Friday, August 22, 2008

Un sofisma de origen griego (¿otro más?)

En cierta ocasión has escuchado decir “quien nada duda, nada sabe”. Me pregunto si los grandes conocedores de cualquier tema, física, biología, geografía, arte, etc. ¿serán personas que llegaron al conocimiento dudando o sencillamente porque su tema les interesaba y les causaba agrado investigarlo? ¿Puede la duda ser el origen del conocimiento? Claro que sí, pero la mayoría de los investigadores que conozco estudian porque sienten curiosidad por lo estudiado y porque disfrutan investigando. La duda puede ser útil, pero nunca imprescindible para el conocimiento. El que desarrolla el conocimiento planteándose dudas lo hace porque disfruta dudando y porque ese ejercicio le permite satisfacer su curiosidad. Duda y curiosidad son cosas distintas o por lo menos según el uso correcto del castellano, idioma en que pensamos.

Monday, August 18, 2008

La supervivencia del paganismo en el Bajo Imperio Romano

El historiador G. Vidal en su ameno libro “Retratos de la antigüedad romana y la primera cristiandad” (2001) desarrolla una serie de temas no sólo interesantes, sino también imprescindibles para quien intente comprender la evolución histórica de la tradición romana. Entre otras cosas el autor explica las condiciones que posibilitaron la entrada del cristianismo en la Urbe. En su texto se habla del desgaste de la religión oficial durante el siglo I d.C. y se recalca el carácter cívico del culto estatal. Se afirma que si “algún romano participaba en sus ceremonias era por patriotismo y no por devoción. Y si alguien aspiraba a la dignidad sacerdotal, era simple y sencillamente porque formaba parte de de currículum de toda prometedora carrera política” (p. 152). En el texto se halla implícita la idea corriente, pero no menos cierta, que la religión constituye un mecanismo de integración para la sociedad y en el caso de un imperio aún expansivo en aquel siglo, dicha necesidad se satisface en la esfera pública y estatal. De este modo los romanos “que en privado podían reírse a gritos de sus propios dioses, hacían de ellos una cuestión nacional cuando se les lanzaba un desafío público” (p. 173).

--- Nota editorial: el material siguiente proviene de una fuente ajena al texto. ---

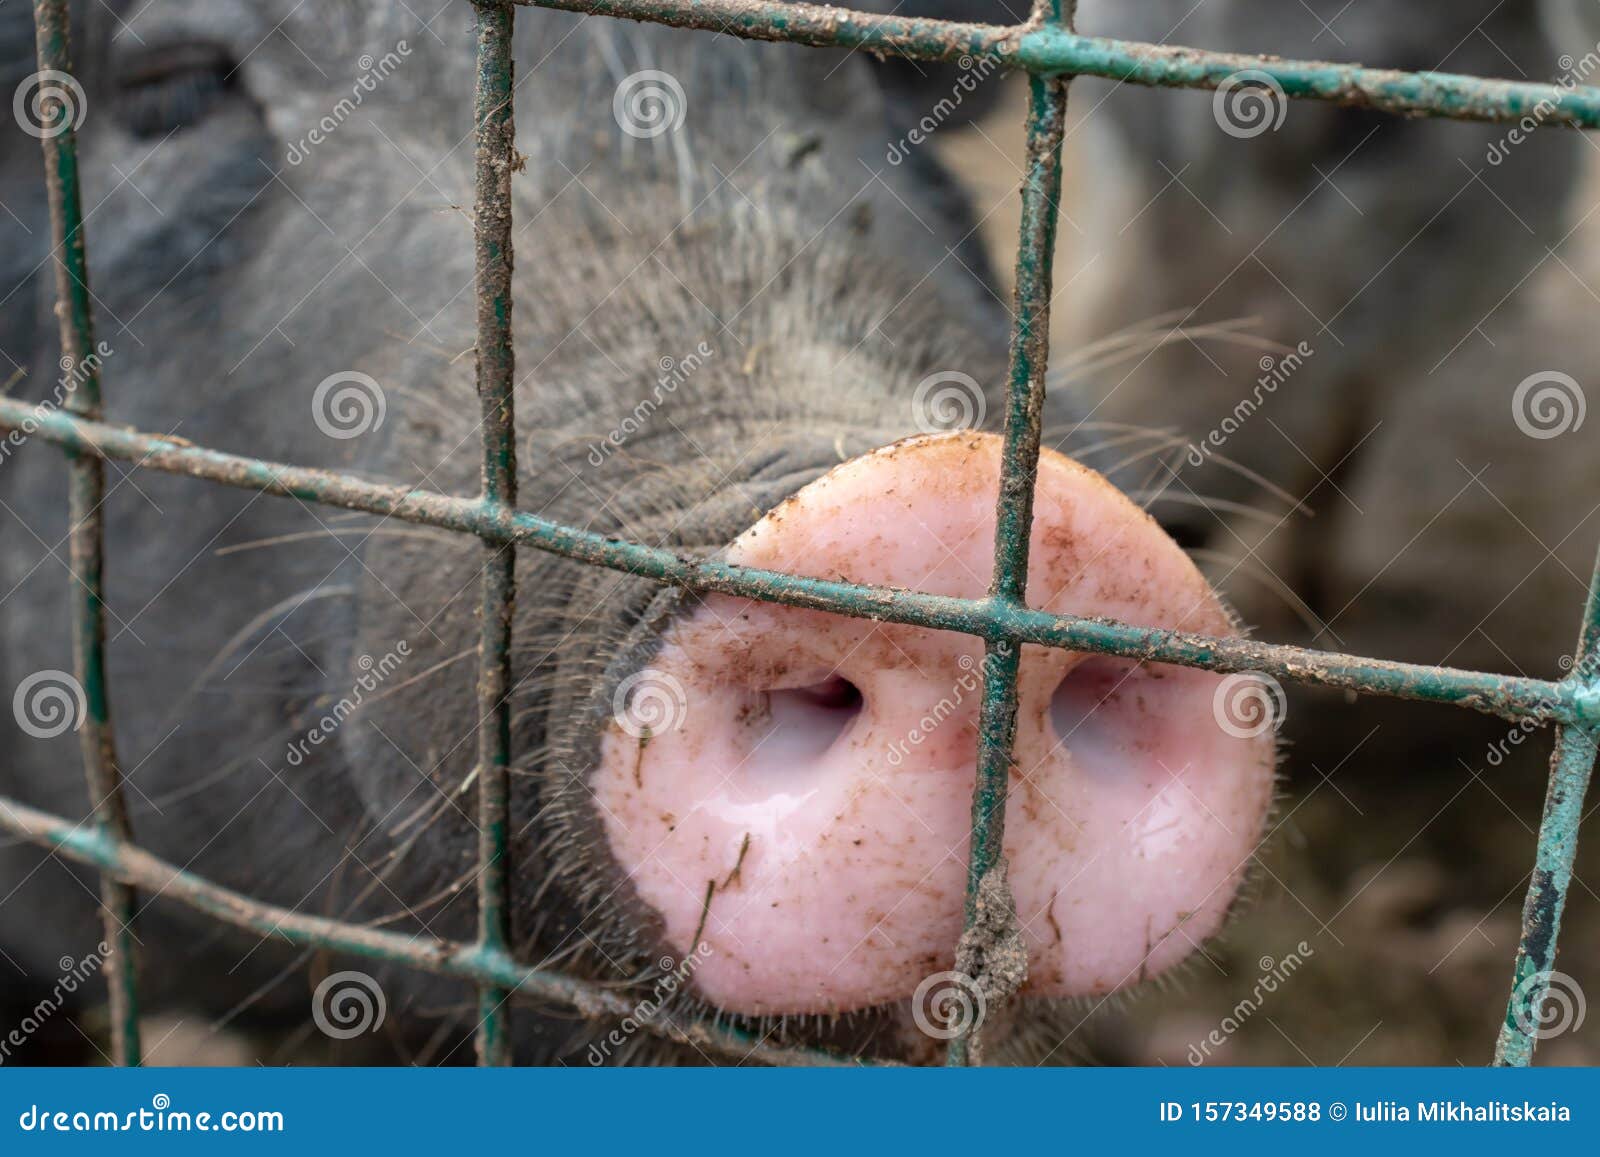 Dirty Pig Snout Nose Behind The Bars Of A Pigsty Close Up Stock Photo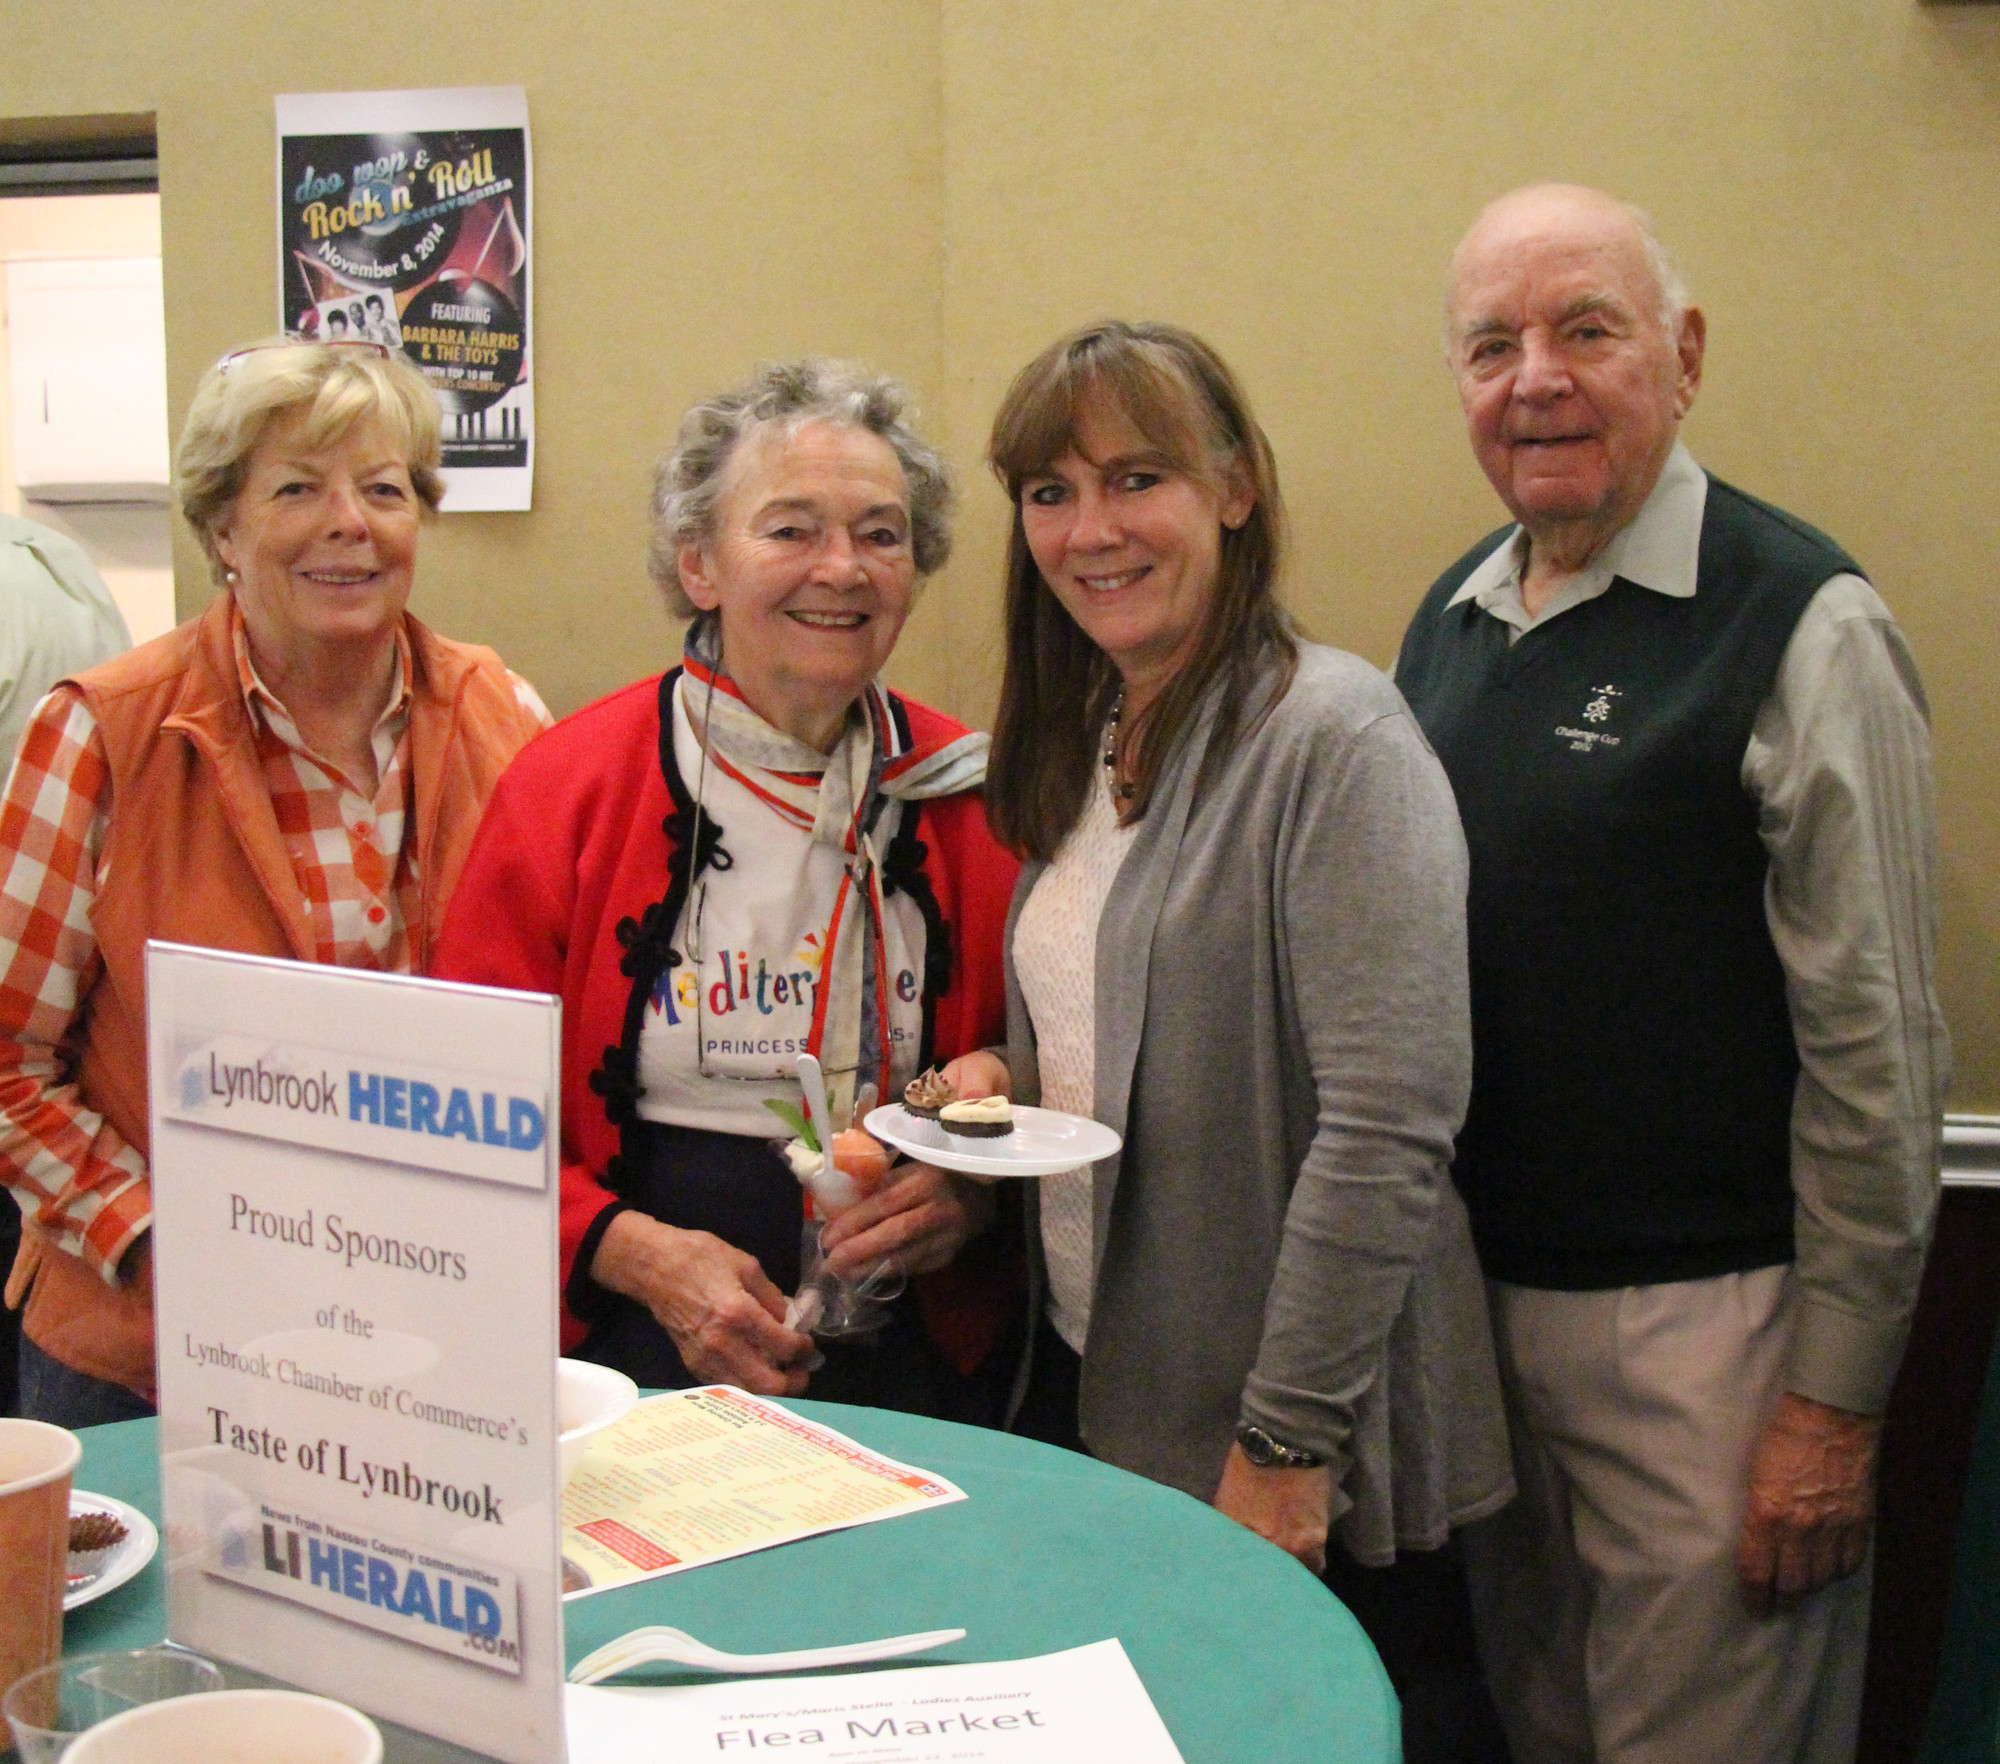 Marge Essner, Sheila Stone, Marjorie Monahan and Warren Essner enjoyed the delicious samples.

Según la perspectiva del autor “la religión romana no ofrecía luz ante los sufrimientos de la vida ni daba esperanzas ante las incertidumbres de la muerte; no parecía capaz de enfrentar al hombre ante el misterio ni mucho menos seducirlo con la experiencia fascinante de la trascendencia” (p. 153). Situación frente a la cual los cultos orientales llenarían un vacío de sentido en la sociedad romana y contribuirían a satisfacer las inquietudes espirituales del ciudadano promedio. La ausencia de una fe sincera hubiese creado las condiciones para el avance de una religión, la cristiana, cuyos miembros fueran lo suficientemente comprometidos como para incluso morir proclamando su fe. El testimonio y la persistencia de los cristianos hubiesen fortalecido a la Iglesia y motivado nuevas conversiones al punto de llegar a contar con el emperador entre sus filas. Esta perspectiva resulta coherente con la visión que los textos sobre historia del cristianismo han sostenido tradicionalmente acerca de los orígenes. Asimismo suele mencionarse también el intento de Juliano II, el "apóstata", por restaurar el culto oficial, caracterizándosele como un intento estéril por hacer que la Historia echara pie atrás.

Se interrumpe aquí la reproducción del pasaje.